I knew for sure Butterscotch sat on my lap while I spoke with Saul yesterday.
The next day, I was flipping through the channels trying to find our soap, Loves of My Life. It was on channel five at two. But now there was a name of a talk show I didn’t recognize.
“What are you doing?” my wife snapped at me. “We’re going to miss The Proud and the Powerful.”
My instinct was to object. I’d been watching Loves of My Life since I retired. Joining my wife in the post-work guilty pleasure (she filled me in on most of the show’s twenty-five year history). I knew of The Proud and the Powerful, but it was on a different network.
My wife pulled the remote out of my hand and flipped to channel two. We watched the show, but I didn’t know these characters or their story lines. Occasionally, an actor who used to be on Loves of My Life appeared. I recalled their entire story line from the other show but had no idea what they were doing here.
My wife sat on the edge of her seat and yelled at the characters’ lack of sense as she’d done with the show we used to watch together.
I’d stumbled upon The Mandela Effect during my internet searches for things that went missing. This is when people remember things differently than what they were, usually in pop culture. Some weirdos blame it on time travelers tampering with the past. Or something like that. Professionals chalked it up to the psychological condition of false memory.
This sounded like my affliction, but if there were a trauma I was trying to repress, it was well buried. And what would I gain from making up memories of a dog, cereal or TV show?
I began questioning my own memories. Was this the soap we’d always used? Wasn’t the woman next door name Doris, not Debbie? Did The Cubs really win the World Series?
I began keeping a list of things I was sure were gone and things I suspected were no longer there.
Soon they ran multiple pages.
I was used to forgetting some things at my age. Phone numbers were the worst. Especially those who changed their lifelong landlines for a cellphone. Once they did that, I couldn’t retain the ten digits. Maybe because I didn’t have to, with phone numbers being accessible at the touch of a button.
Saul’s number was the first I programed into my phone.

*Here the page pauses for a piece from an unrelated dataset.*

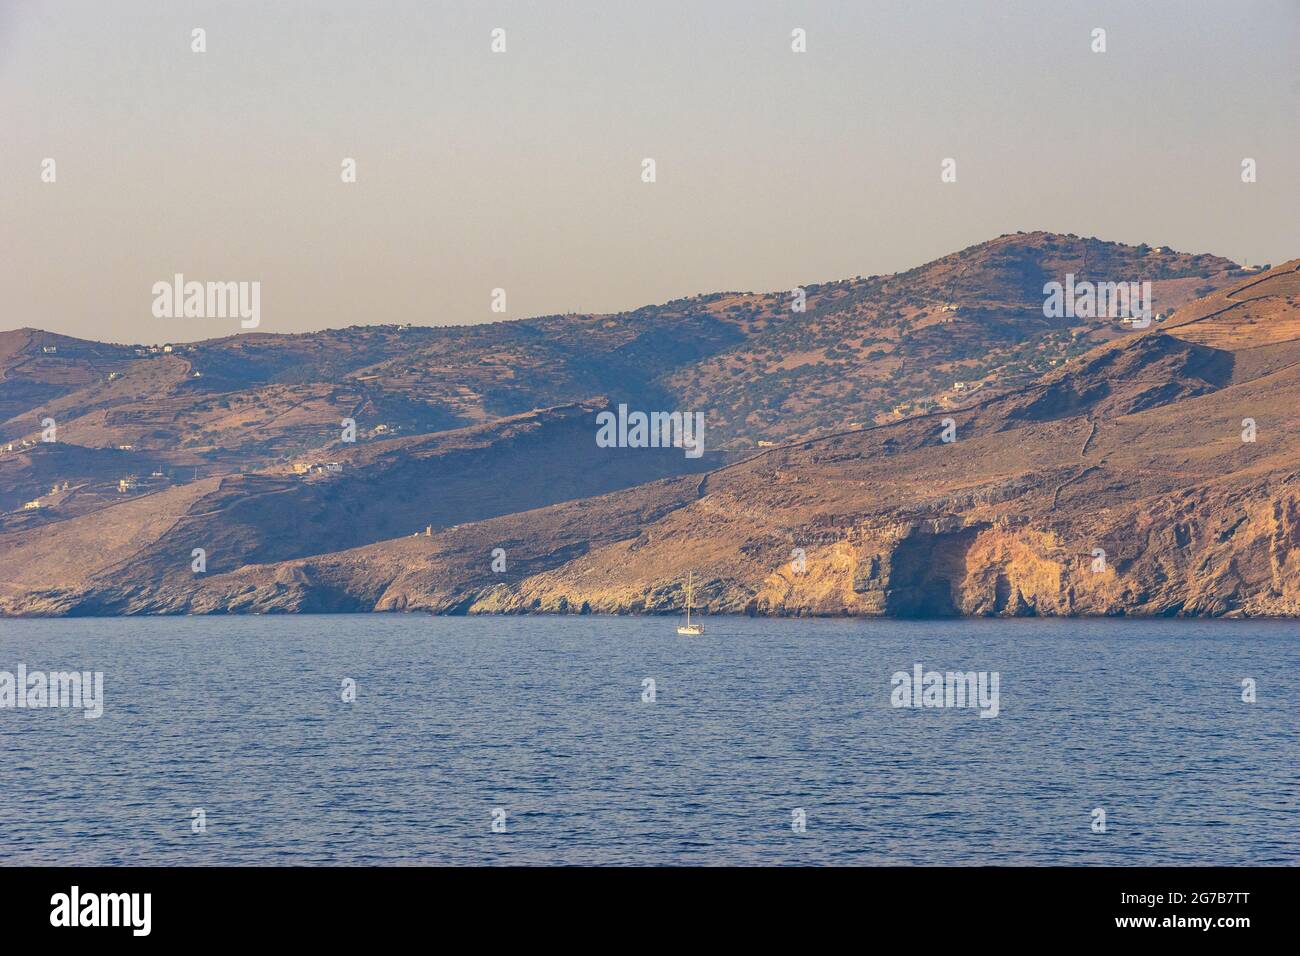 Landschaftlich schöner Blick auf das Meer in der Nähe des Leuchtturms Tamelos auf dem Kap Tamelos, auf der Südseite der Insel Kea, Griechenland Stockfoto

But one day, I couldn’t find it.
“Honey, do you have Saul’s phone number?”
“Who the hell’s Saul?”
“My-” I stopped himself.
No. They wouldn’t take my brother. Would they?
There was no sign of his ever existing on my phone. Even our few failed selfies were missing.
“I meant to say…” I was too frazzled to come up with a cover story.
At my age, I often thought about me and those I love dying. I’d have been crushed if Saul died before me. But to discover he never existed… it felt like there was a weight tied to my heart, dragging it down to my stomach.
“I’m worried about your memory,” my wife said. Was she oblivious to my anguish?
Without Saul, who did I have to confide in that wouldn’t judge me. It should be my wife, but I was frightened of her reaction.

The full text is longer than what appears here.